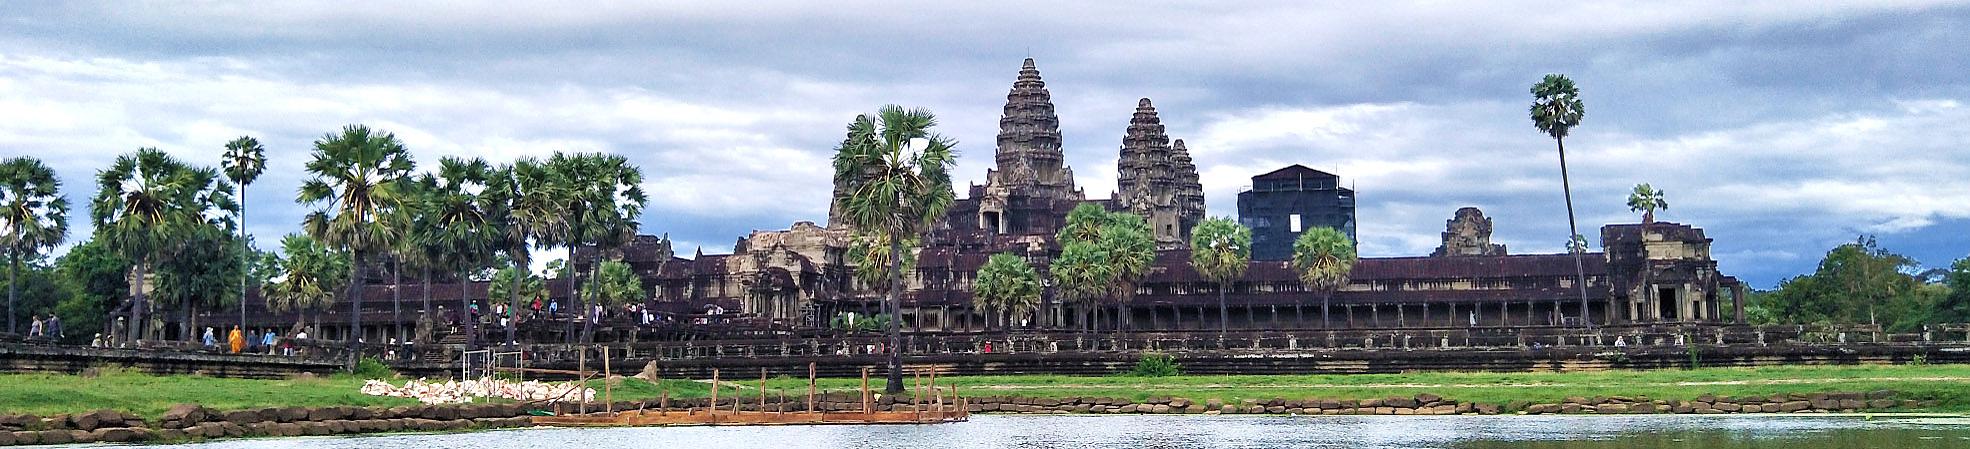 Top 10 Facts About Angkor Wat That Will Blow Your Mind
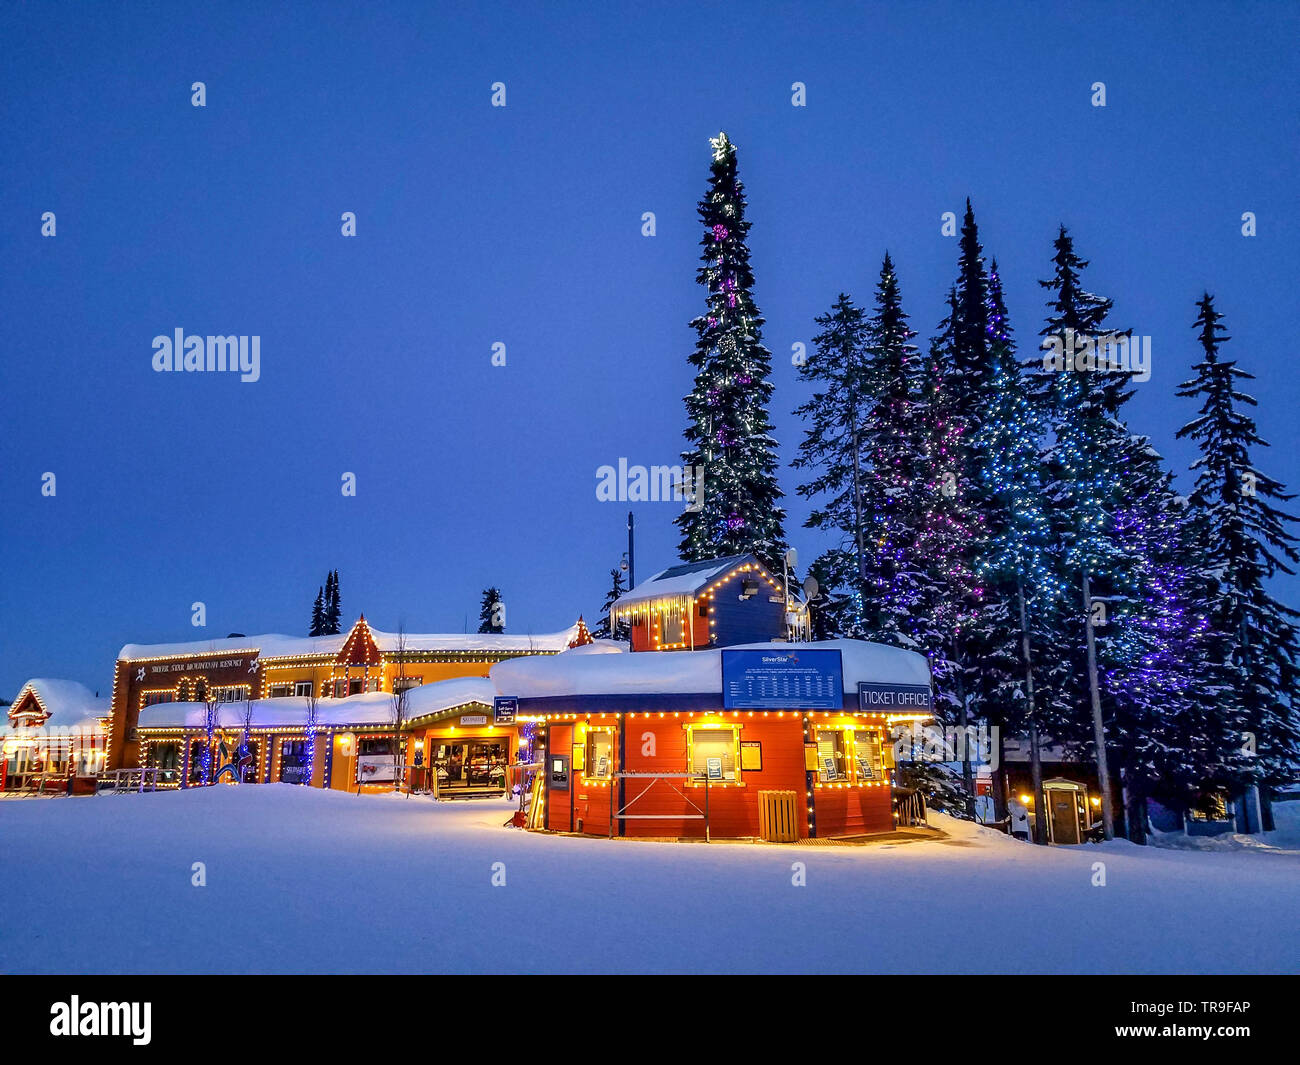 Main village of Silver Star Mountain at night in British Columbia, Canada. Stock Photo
--------------------
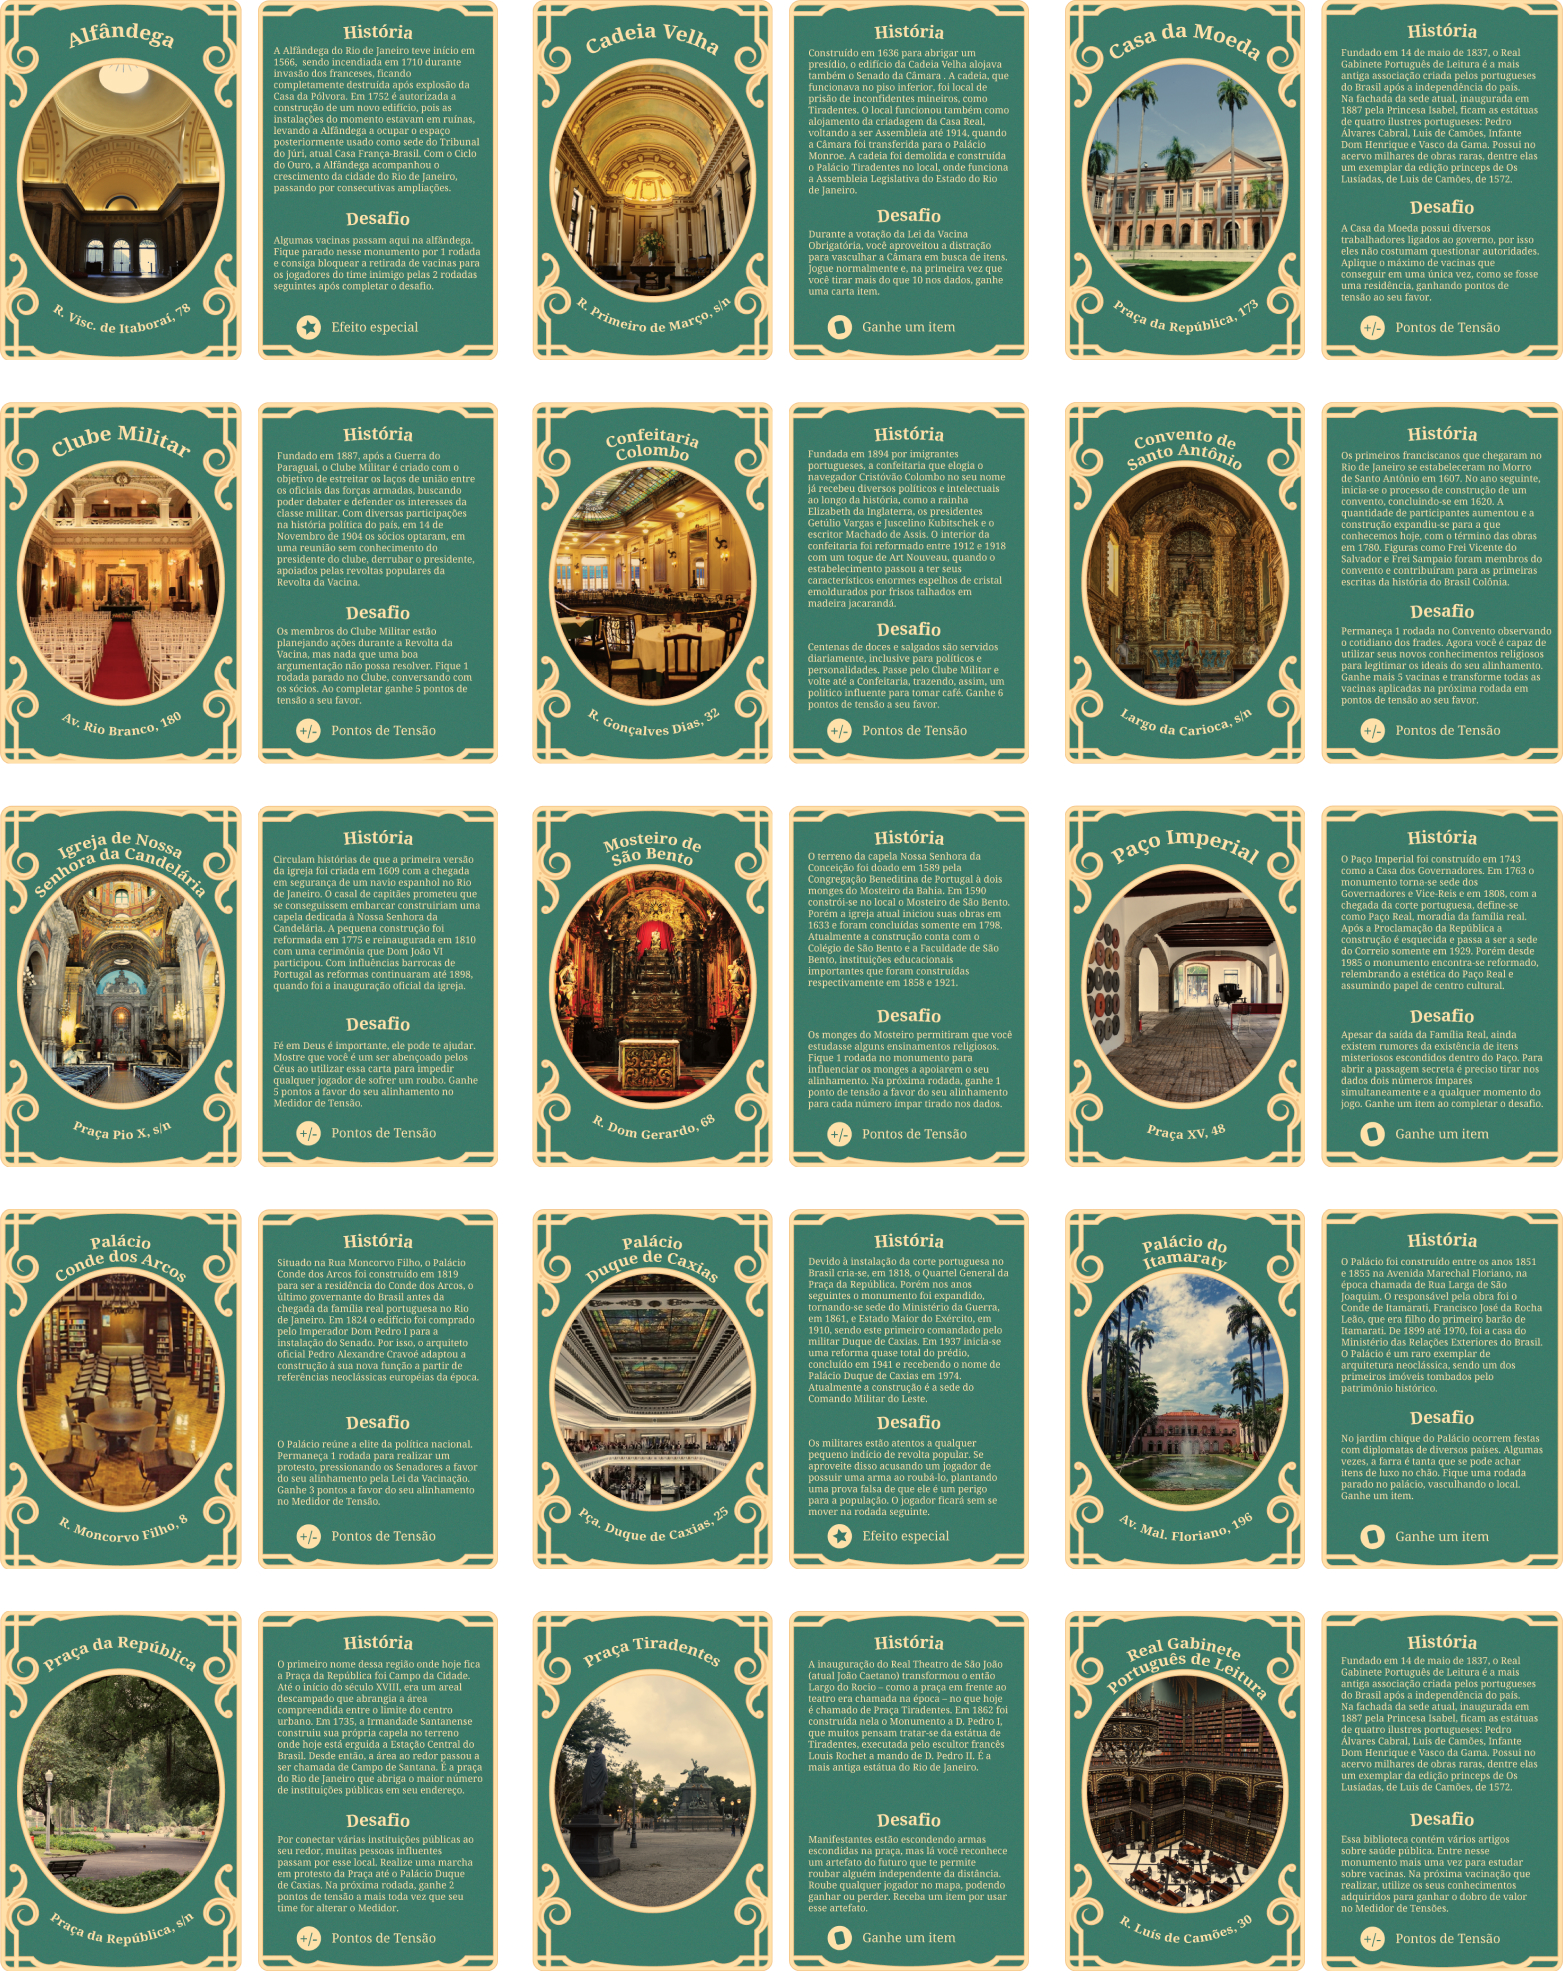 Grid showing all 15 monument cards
--------------------
■ Try it
Give again the stretch of the entries above that begins at the line with "Top 10 Facts" and ends at the line with "Main village of", word for word, with no pictures.

■ Task solution
 Top 10 Facts About Angkor Wat That Will Blow Your Mind
 Main village of Silver Star Mountain at night in British Columbia, Canada. Stock Photo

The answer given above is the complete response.